Gianguan Auctions New York announces the inclusion of a strong collection of Buddhist art in their December 7th auction of Chinese paintings, ceramics and works of art. The auction begins at 10 a.m. at Gianguan Auctions' gallery at 295 Madison Avenue. This sale follows closely on the heals of Gianguan Auctions' inaugural Singapore sale last month where more than twenty items of Buddhist art made an impressive showing.

Among the highlights of the Buddhist art collection are two gleaming Tibetan gilt bronze friezes created in the 13th -14th century to honor the god Avalokiteshvara.

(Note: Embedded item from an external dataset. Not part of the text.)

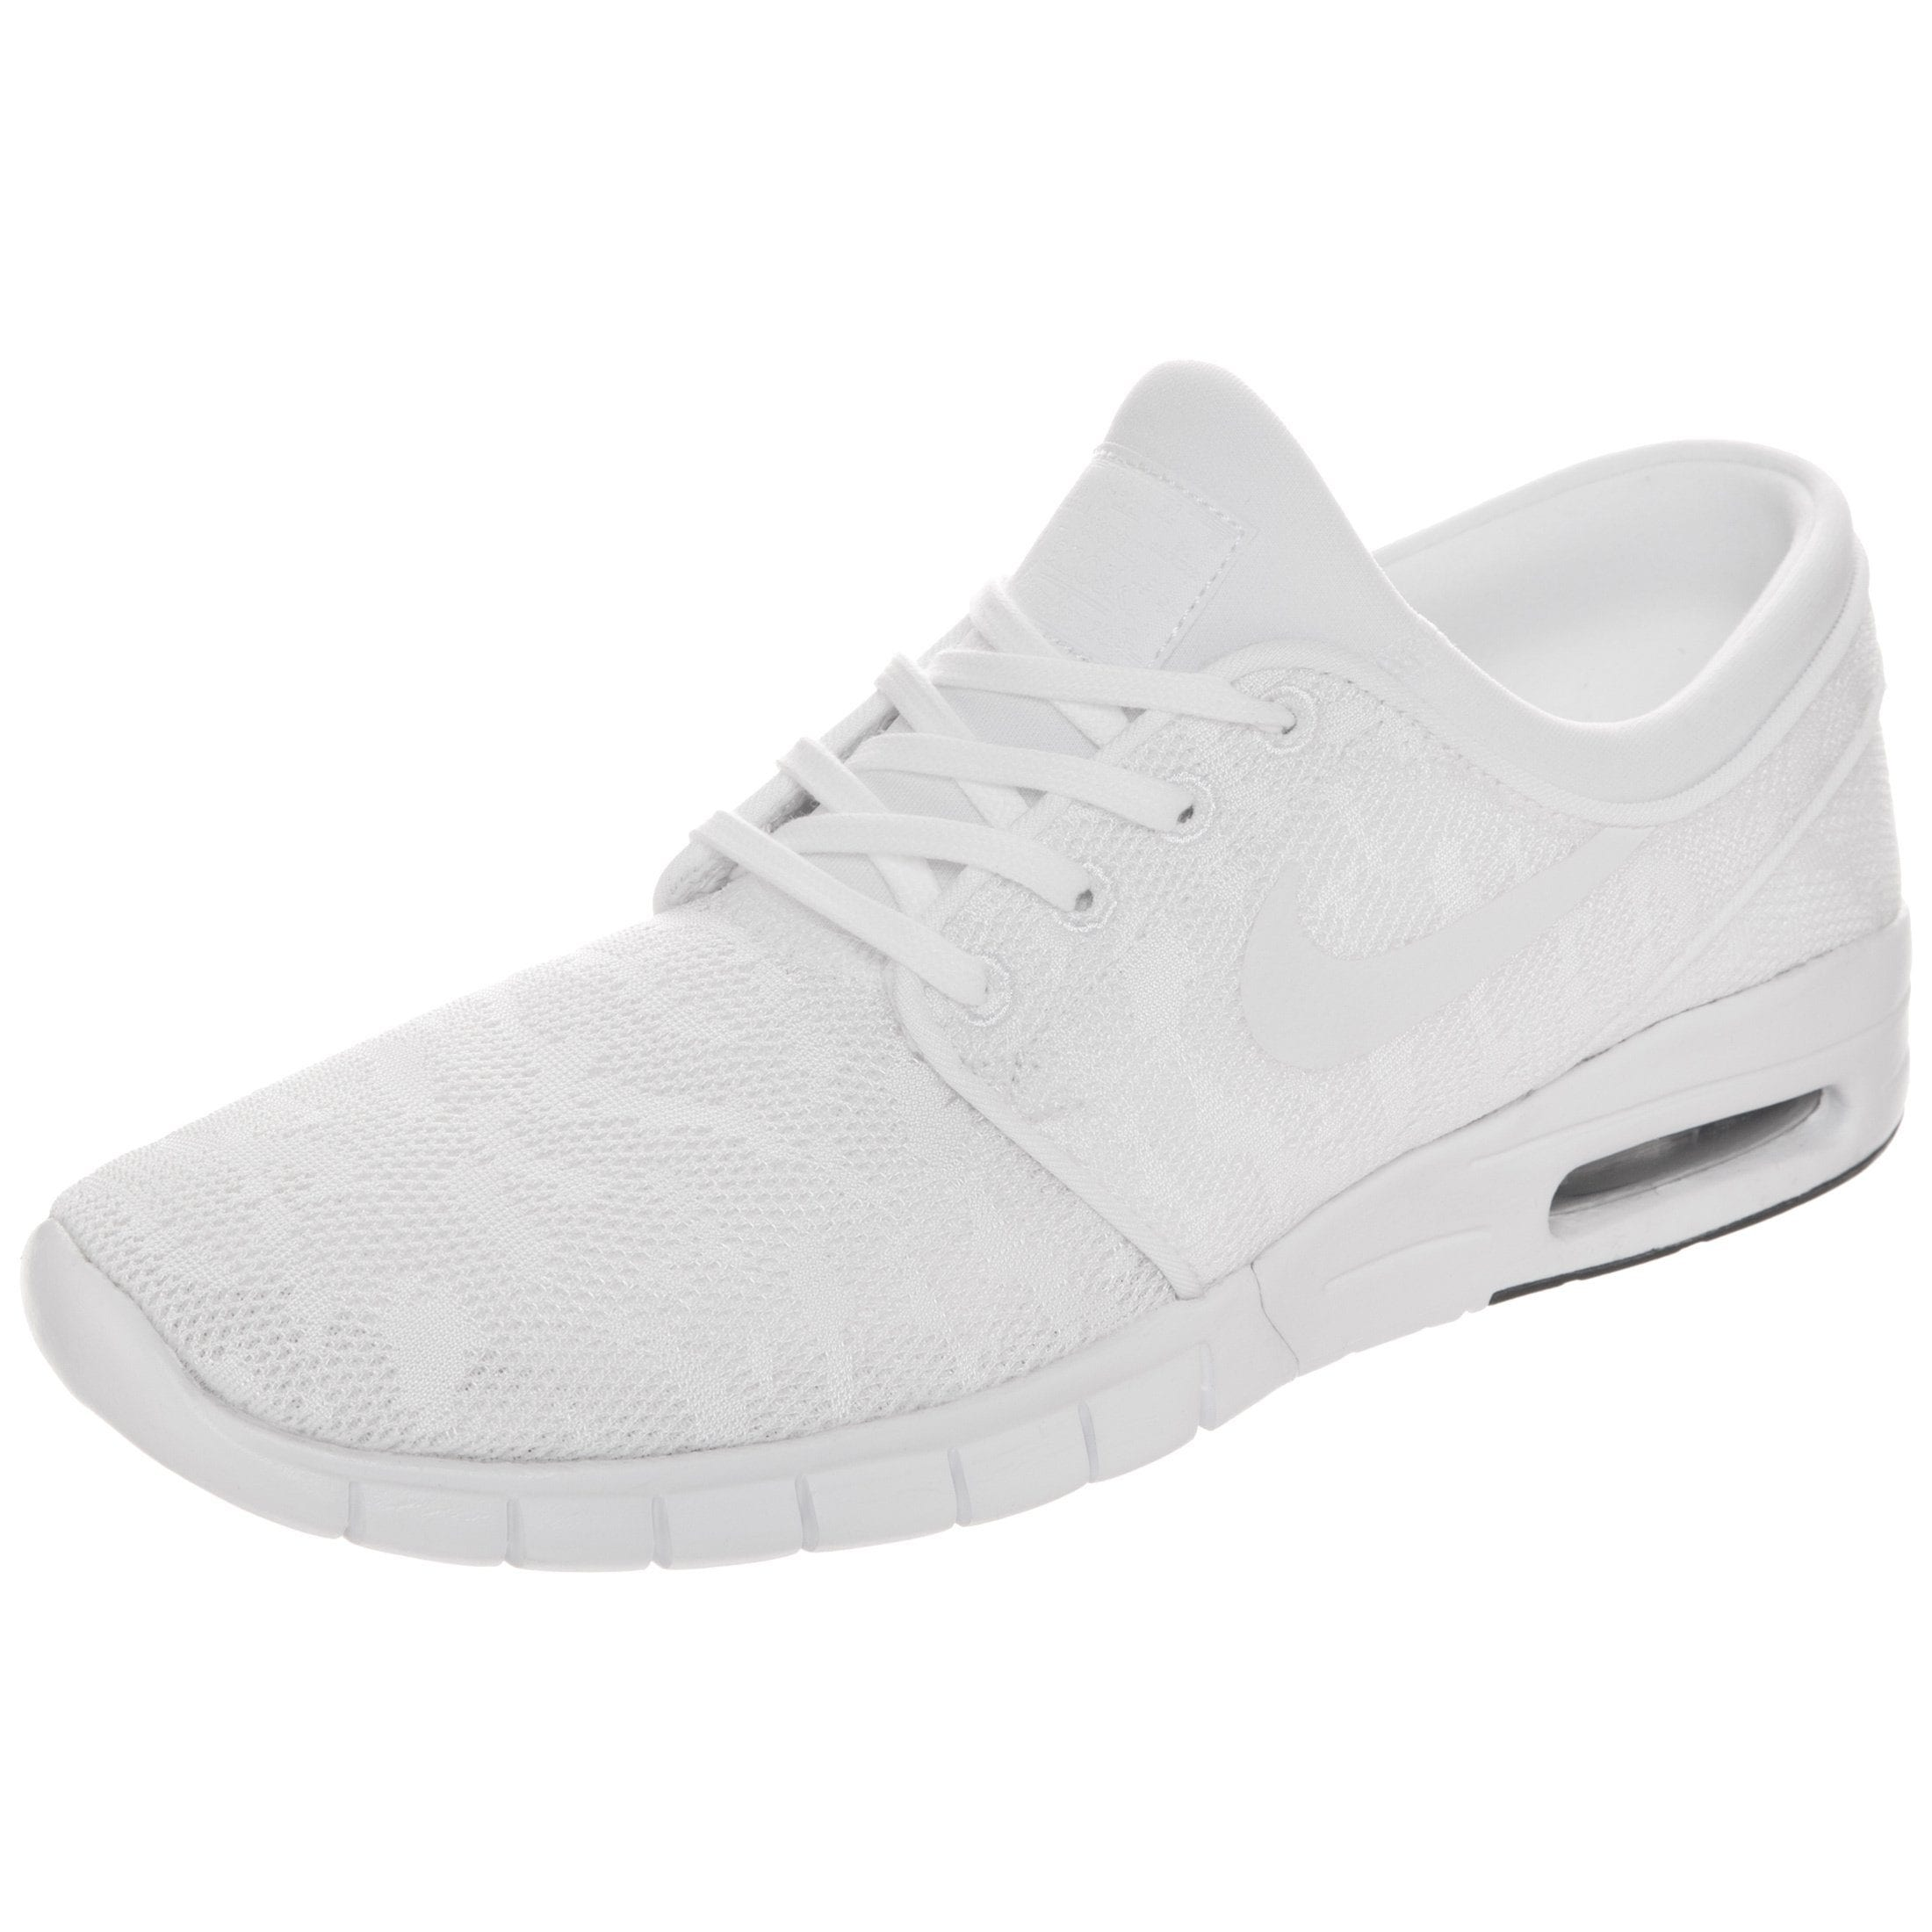 Nike SB Sneaker Sneaker Sneaker Stefan Janoski Max bestellen | Gutes Preis-Leistungs-Verhältnis, es lohnt sich b41ba5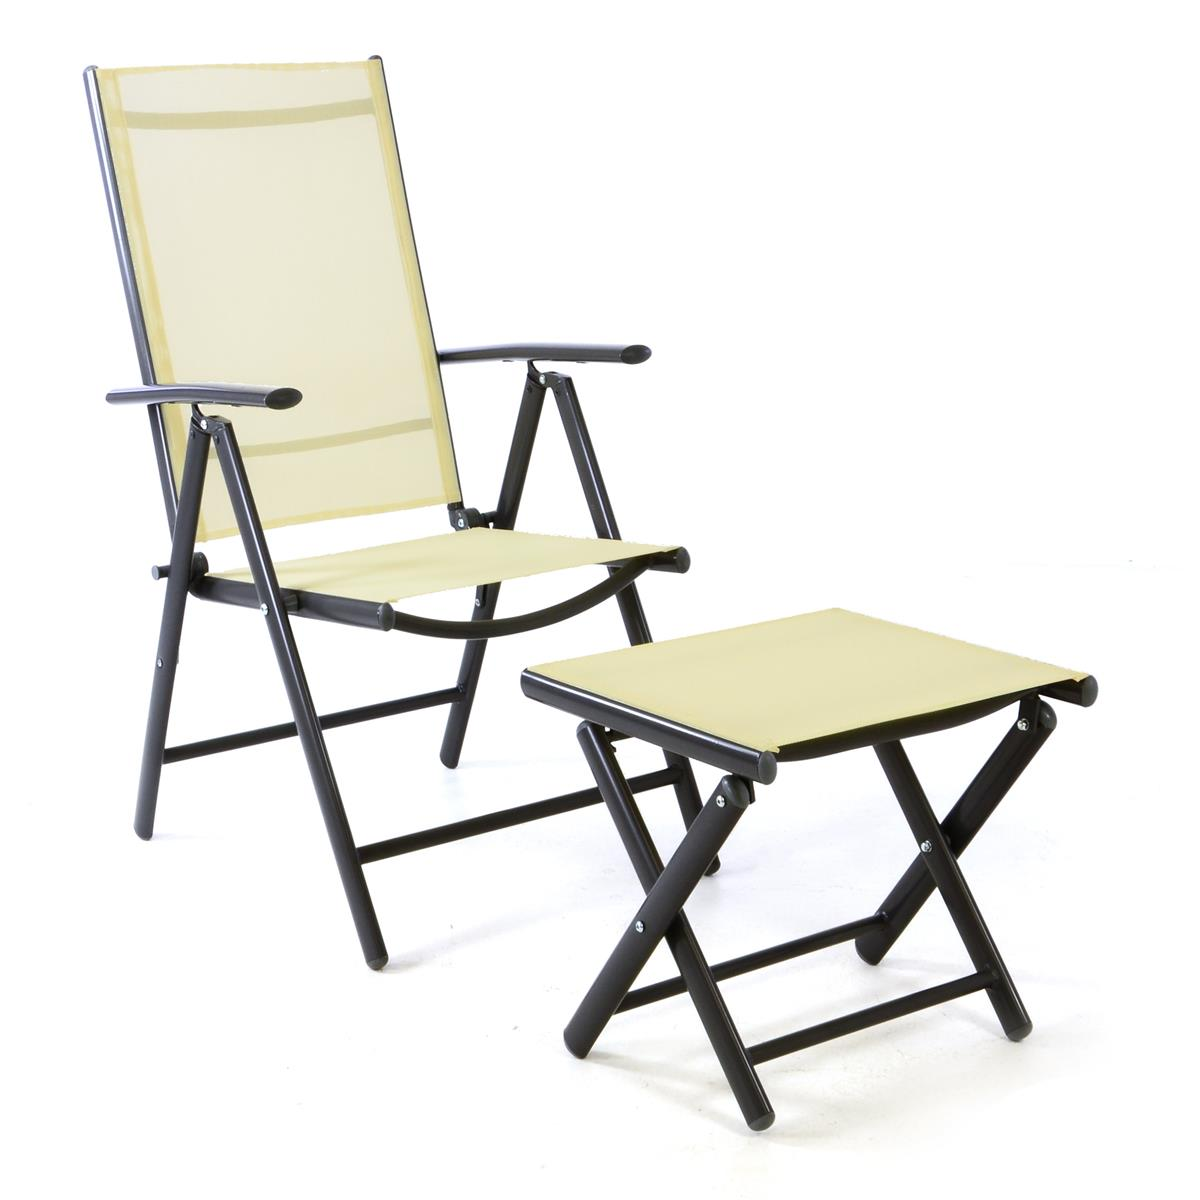 Set Klappstuhl + Hocker Textiline creme Rahmen anthrazit Gartenstuhl Alu Camping

Both are new to the market. That they survived the destruction of tumultuous time is nothing short of amazing.

Lot 260, featured on the catalog cover, depicts Avalokiteshvara in dhyanasana seated on a tiered base of mountains and waves. Lot 261 portrays Avalokiteshvara seated in dharmachakra mudra bearing a vase. Both are intricately and heavily cast. The figures and symbolic foliage in their environments are superbly molded. Coral and turquoise embellishments on each enrich their appeal. Both retain the original rings that were likely used to affix the friezes to stupas. Each frieze measures about 22 inches high by 17 inches wide. Each has a pre-sale estimate of $30,000-$50,000.  (http://gianguanauctions.com)

These are supported by a collection of carvings of Buddhist deities led by a Northern Wei (386 - 585 AD) jade sculpture of Sakyamuni Maitreya in abaya mudra, right hand in varda mudra, with robes falling loosely. At 17 inches tall, Lot 185 is valued at $30,000 - $50,000. 

Other personal reflections of thought and faith include Lot 147, a rare Shoushan stone seal carved as an elephant standing foursquare with two Buddhist arhats perched atop holding a covered box. It is an excellent value at $4,000 - $8,000. Grouped at Lots 161 - 165, Shoushan stone statuettes represent Jambhala, a Lohan taming a lion, the Guanyin, and a Taoist sage. They carry estimates of $4,000 - $6,000 each. 

Yet another expression of Buddhism is Lot 17, an ink-and-color on paper scroll painting by Gu Jianlong. Entitled “Venerable Buddha,” it depicts the Buddha and a traveler, each with a halo, caught in a swirl of color. As the journeyer restrains a tiger, a cherubic figure looks on. The Qing Dynasty (1644-1911) painting bears two artist seals and is valued at $15,000 - $20,000.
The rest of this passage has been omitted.